Welch and wife Cindee met for two hours with specialist Dr. Jeffrey Yoshida to learn more about the cancer, surgery and post-surgery treatment options. Due to the progressive nature of the disease, Yoshida strongly recommended immediate surgery and the operation was performed on October 4, 2010. The radical prostatectomy, a full removal of the prostate, lasted nearly six hours. Yoshida gave Welch some real hope by saying the procedure would provide a 90 percent chance of survival and recommended a four-month recovery.

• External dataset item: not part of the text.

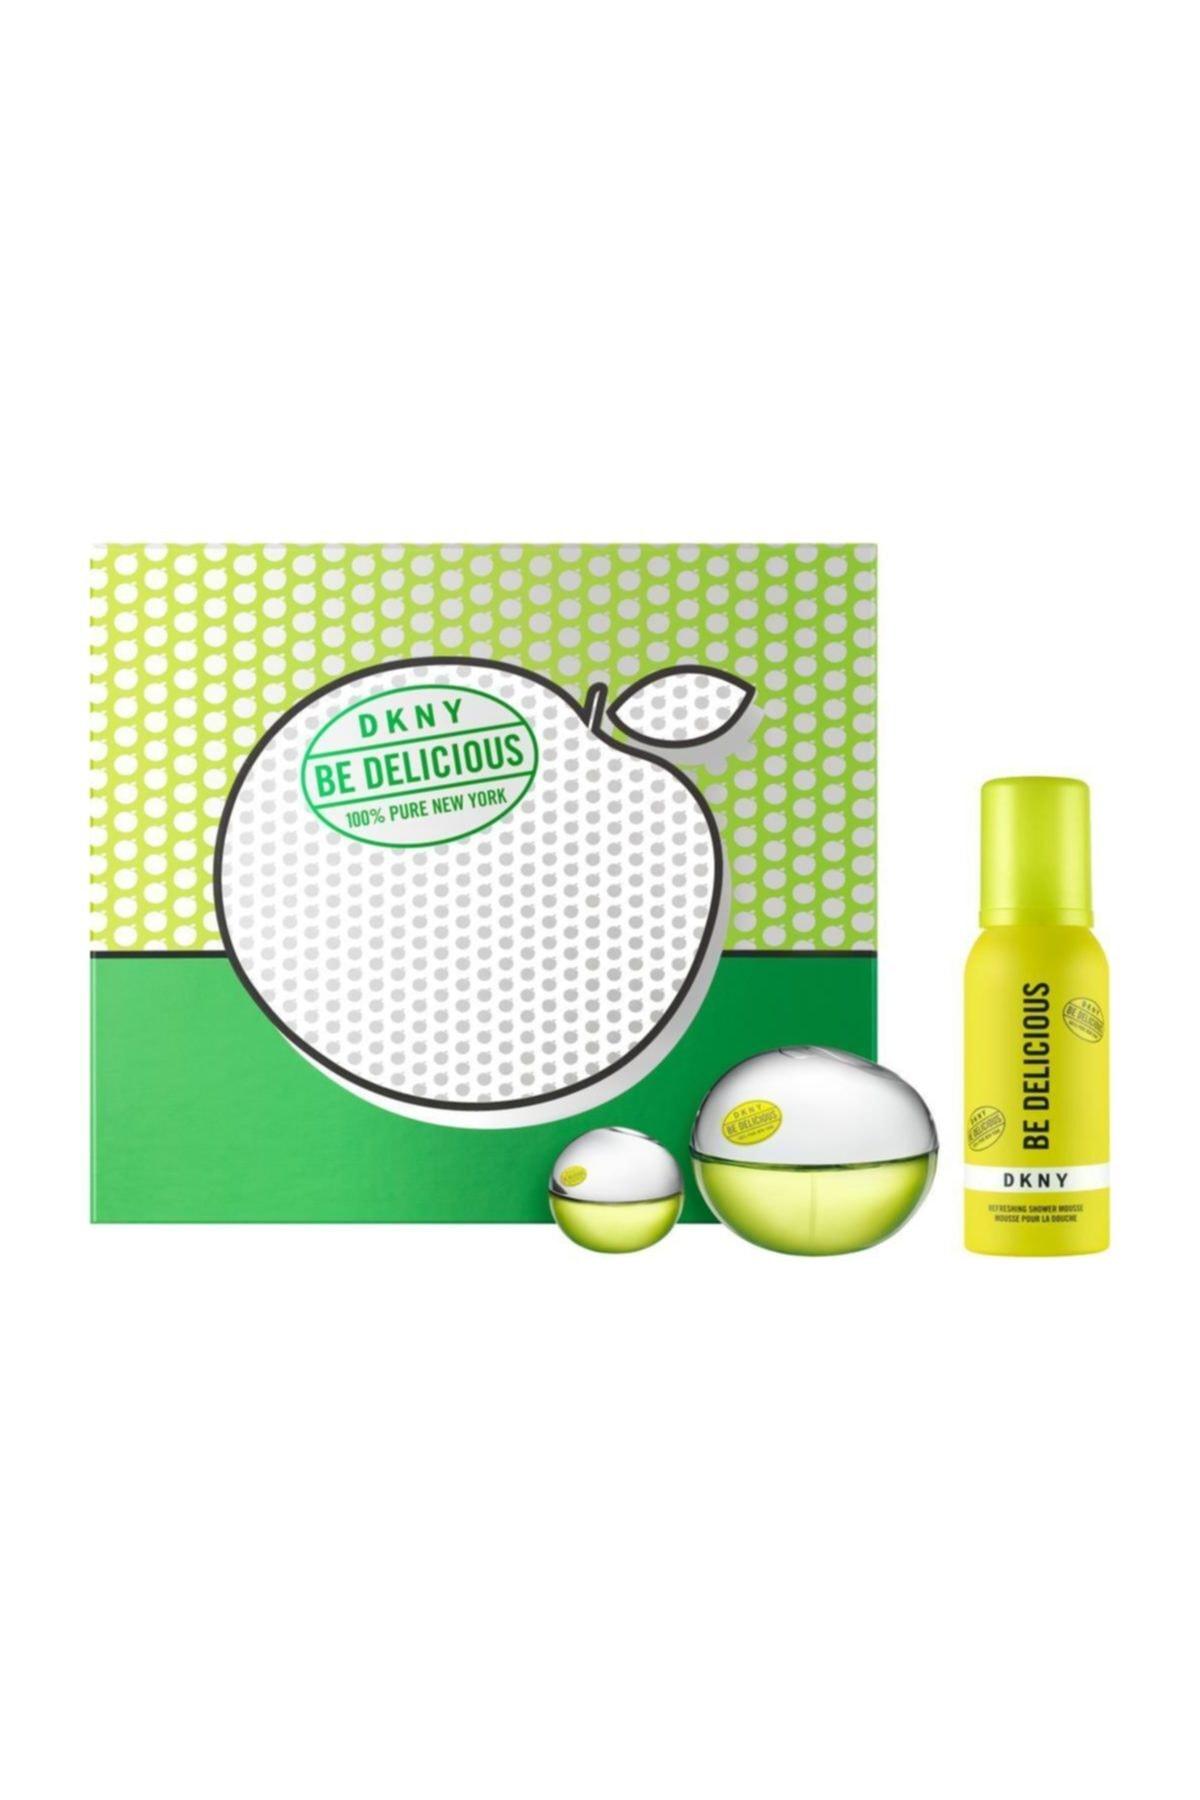 Dkny Be Delicious Kadın Sprey Parfüm Seti 022548413081 1

With the first game of his first season with his new team, Santa Margarita imminent, Welch made the announcement to his players. The stubborn coach took hardly any time off of the sidelines, returning just four days later for the Trinity League opening game versus Orange Lutheran.

From the beginning of the experience, Welch's objective was to turn the situation into a positive event in some fashion. He and his family wanted to give wider publicity to prostate cancer and the message that men of all ages should be vigilant about being screened on a regular basis. In short, Welch's primary goal was simple—to save lives.

Harry and wife Cindee decided to go public with his affliction to help educate and support other men throughout the nation—with a message of encouragement, support and comfort. With most men not knowing a great deal about the disease, he wanted to convey the fact that sixty-five percent of all prostate cancers are diagnosed in men over the age of 65. Experts recommend that all men age 50 and older have a PSA (prostate-specific antigen) test and digital rectal exam (DRE). Men in high-risk groups, like African-Americans and those with a family history of prostate cancer, should commence testing at age 45.

Welch utilized resources at his disposal to get the message out to a broader audience. Steve Fryer of the Orange County Register, Eric Sondheimer of the Los Angeles Times and Baxter Holmes of ESPN.com, along with networks such as Fox Sports and ESPN, provided valuable media support about the cause. This included newspaper articles, online stories and television broadcast segments. Before long, the Welch household was receiving calls from around the nation from men for information, advice and encouragement.

The following September (2011), Episode 5 of "Tough Knocks" featured Welch and his Santa Margarita team taking part in Prostate Cancer Awareness Month. Eagle's players, faculty members and club staff wore light blue wristbands as part of the effort to raise awareness about the disease. The focal point was Welch's own battle a year prior with prostate cancer

==Personal life==
Welch is married to wife Cindee and he has two daughters, Lisa St. John and Julie Adam, and five grandchildren, Nicholas, Nathan, Kara, Evan and Riley. He enjoys watching sporting events, reading, travelling, entertaining friends, fine dining at local restaurants and walking his St. Bernard named Murphy. In addition, he assists the Athletic Information Director at Santa Margarita, Chuck Nan, with research on prep sports history in Southern California. Welch lives close to Santa Margarita campus in the community of Coto de Caza.